Women’s March leader Linda Sarsour and CelebrateMercy raised more than $400,000 overall for Jewish causes in two fundraisers.

Tree of Life synagogue
The Tree of Life*Or L’Simcha Synagogue in Pittsburgh, where a mass shooting took place during Shabbat services on Oct. 27, 2018. Source: Google Maps screenshot.

After outrage over allegedly reappropriated funds intended to go towards Pittsburgh’s Tree of Life*Or L’Simcha Synagogue—the target of the deadliest anti-Semitic attack in America—a crowdfunding campaign promoted by Women’s March leader Linda Sarsour to support victims of last month’s massacre distributed its final funds, according to The Forward, which first reported the allocation of funds before and after the Oct. 27 shooting of 11 Jewish worshippers.

Sarsour and the Islamic group CelebrateMercy raised more than $400,000 overall for Jewish causes in two fundraisers: $160,000 before the shooting to repair Jewish cemeteries, and in the shooting’s aftermath, $238,634, raised in more than a week, above the initial goal of $150,000, by the Islamic group CelebrateMercy.

As previously reported, $10,000 was sent to families of victims from Sarsour’s pre-Pittsburgh fundraiser, which raised a total of $160,000.

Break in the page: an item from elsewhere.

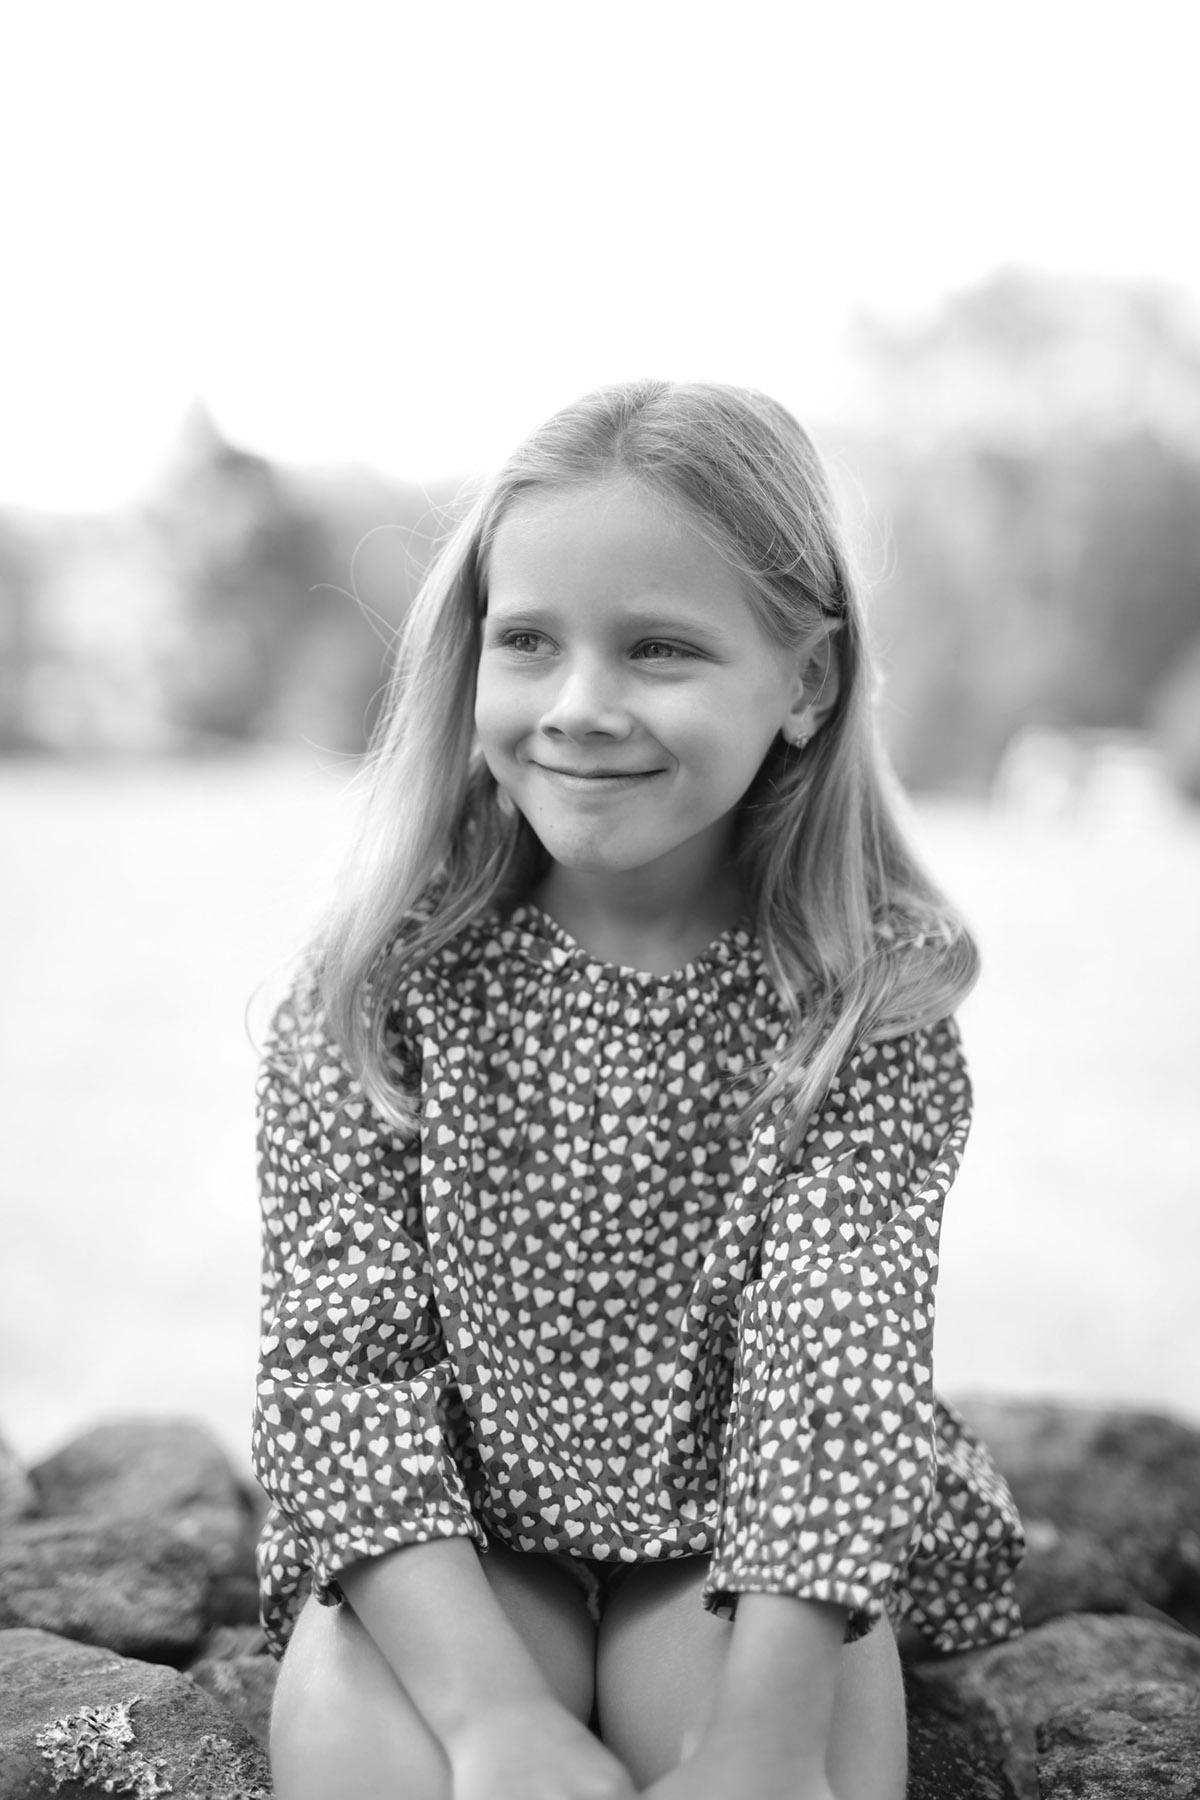 little girl on stone wall-KUP

Initially, CelebrateMercy decided to allocate $155,000 to Tree of Life through the Islamic Center of Pittsburgh, a mosque with deep ties to Muslim Brotherhood-affiliated groups in the United States, which was to decide what to do with the remaining funds. They originally allocated any sum raised more than $155,000 to the Islamic Center.

Out of the amount raised by CelebrateMercy, $86,000 was to remain at the Islamic Center to “be spent on projects that help foster Muslim-Jewish collaboration, dialogue and solidarity.”

However, following public outrage, the organization decided on Wednesday night to give the $86,000 to the Jewish Federation of Greater Pittsburgh.

In the new agreement reached on Wednesday between Tree of Life, CelebrateMercy and the Islamic Center, the synagogue agreed to use the $155,000 for “projects to help foster Muslim-Jewish collaboration, dialogue and solidarity,” as long as victims and their families “have no further need.”

Tree of Life confirmed that it received the money through two “thank you” letters to CelebrateMercy, which The Forward acquired.